**TASK TO COMPLETE:**
The answer is to be the data that follows, transcribed exactly, minus its pictures.

**INFORMATION PROVIDED:**
^^^^^^^^
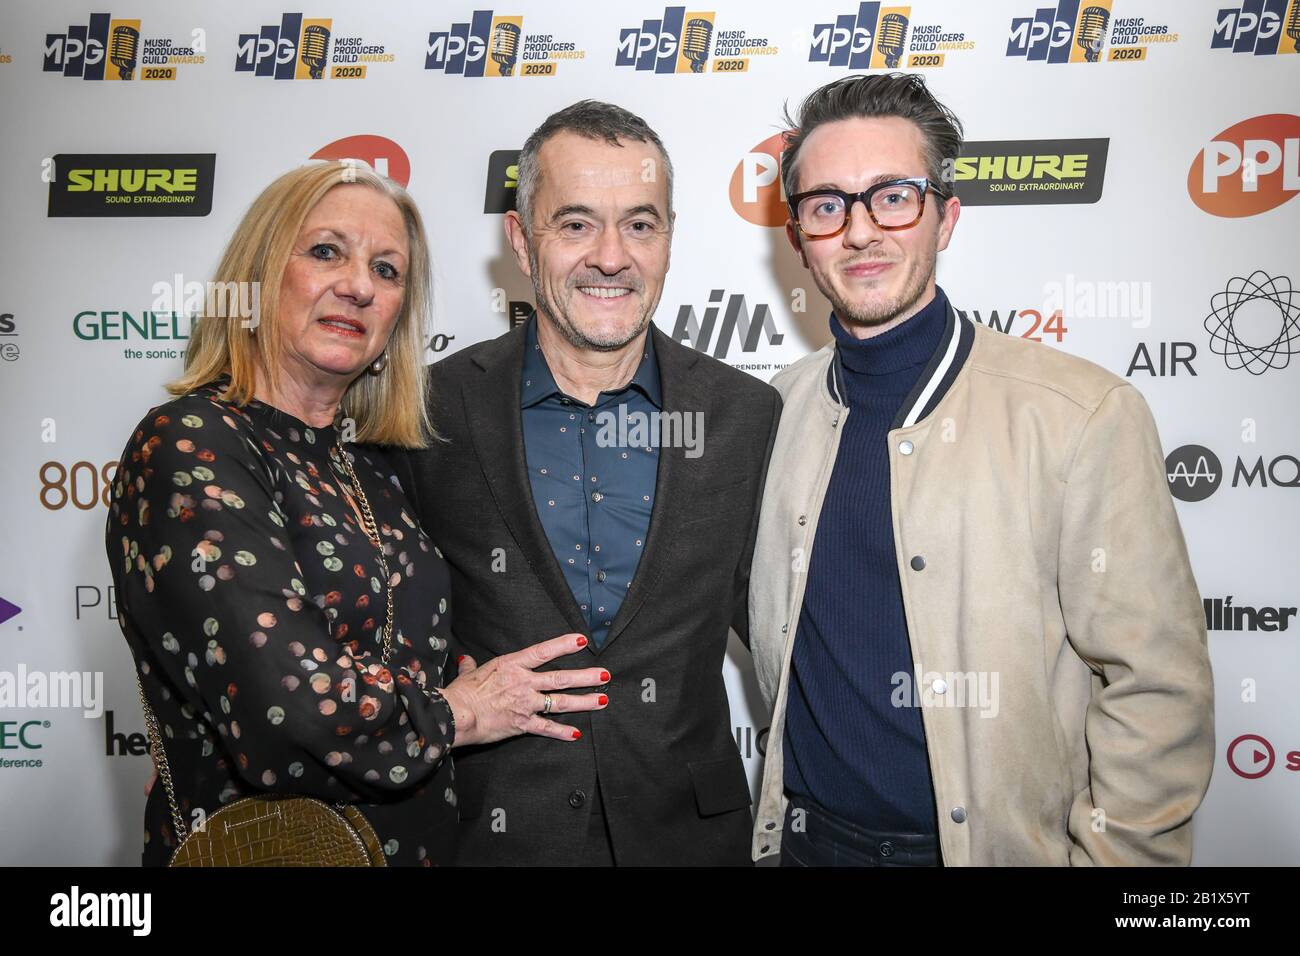 London, UK. 27th Feb 2020. Stephen Street, wife and son attend The Music Producers Guild Awards at Grosvenor House, Park Lane, on 27th February 2020, London, UK. Credit: Picture Capital/Alamy Live News Stock Photo
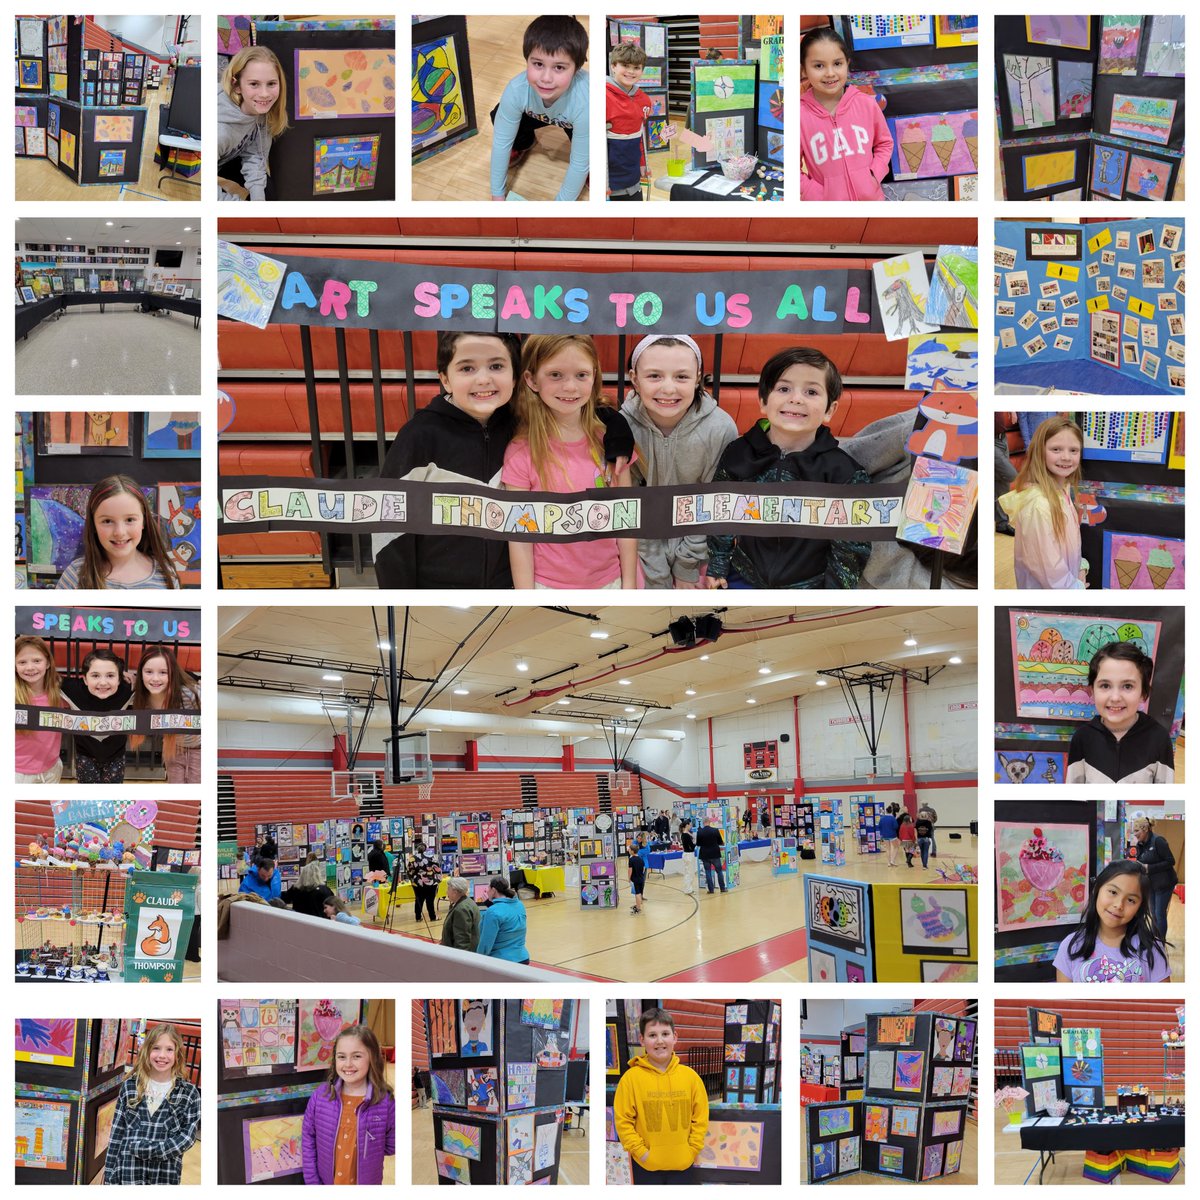 Happy Youth Art Month, Day 24!  First night of the FCPS Art Festival was so amazing!!  Thank you to all the artists, families & staff that came to support the Arts!!  My heart is so full!! #fcps1artsyam2023 #vaartedyam23 @ArtsFcps1 @Thompson__Foxes
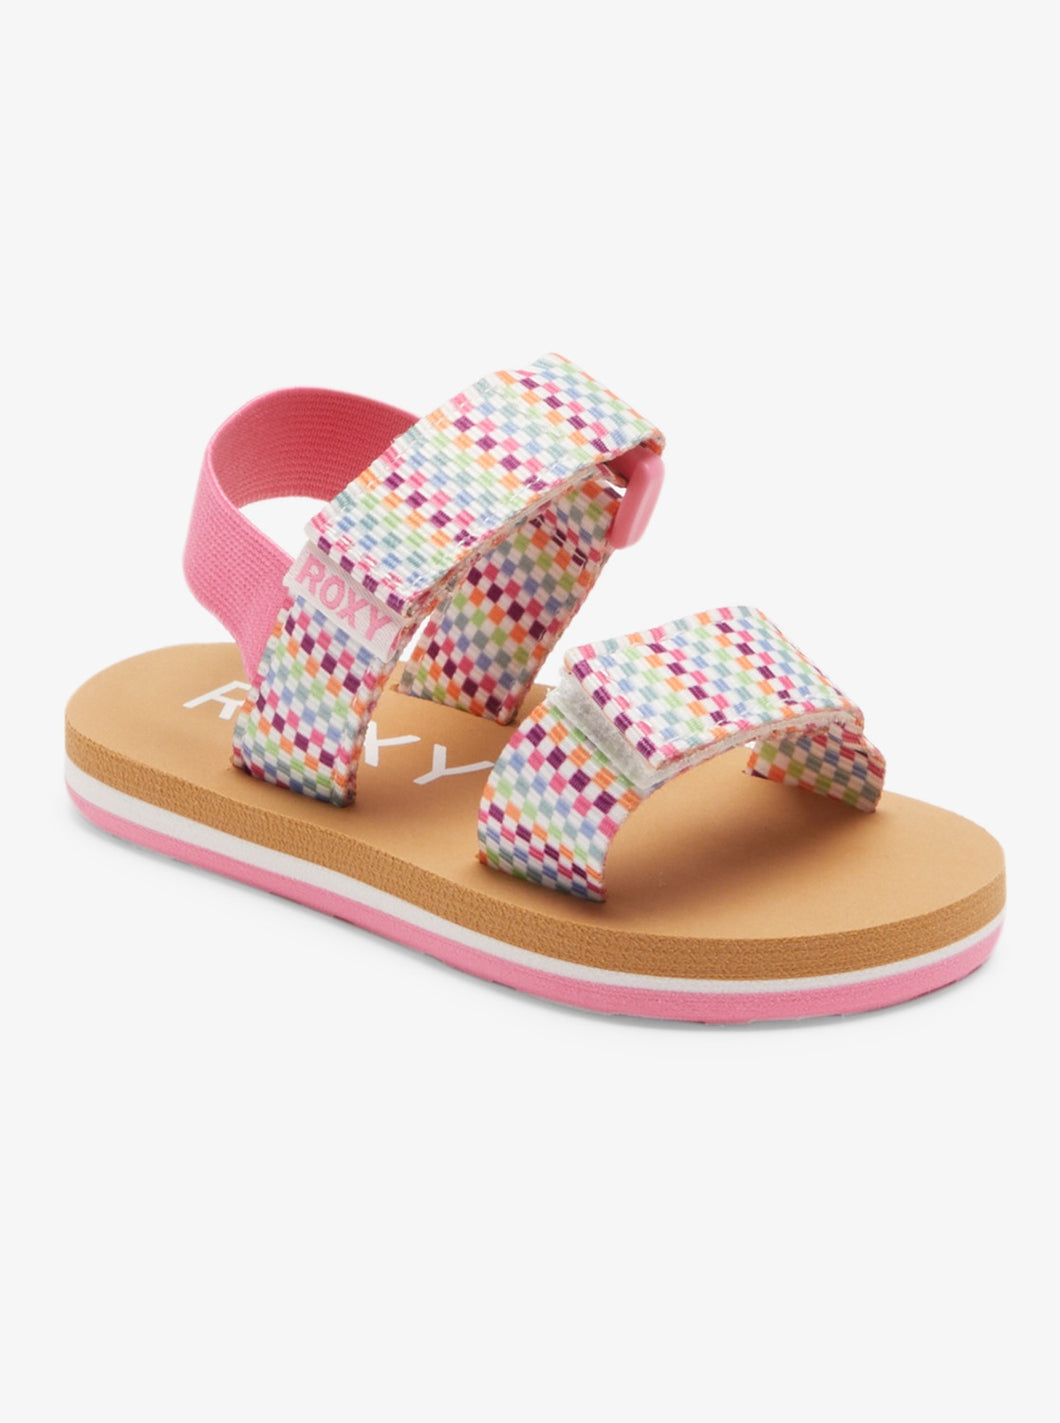 Toddler Roxy Cage Sandle
^^^^^^^^
**OUTPUT OF THE EXERCISE:**
 London, UK. 27th Feb 2020. Stephen Street, wife and son attend The Music Producers Guild Awards at Grosvenor House, Park Lane, on 27th February 2020, London, UK. Credit: Picture Capital/Alamy Live News Stock Photo
 Happy Youth Art Month, Day 24!  First night of the FCPS Art Festival was so amazing!!  Thank you to all the artists, families & staff that came to support the Arts!!  My heart is so full!! #fcps1artsyam2023 #vaartedyam23 @ArtsFcps1 @Thompson__Foxes
 Toddler Roxy Cage Sandle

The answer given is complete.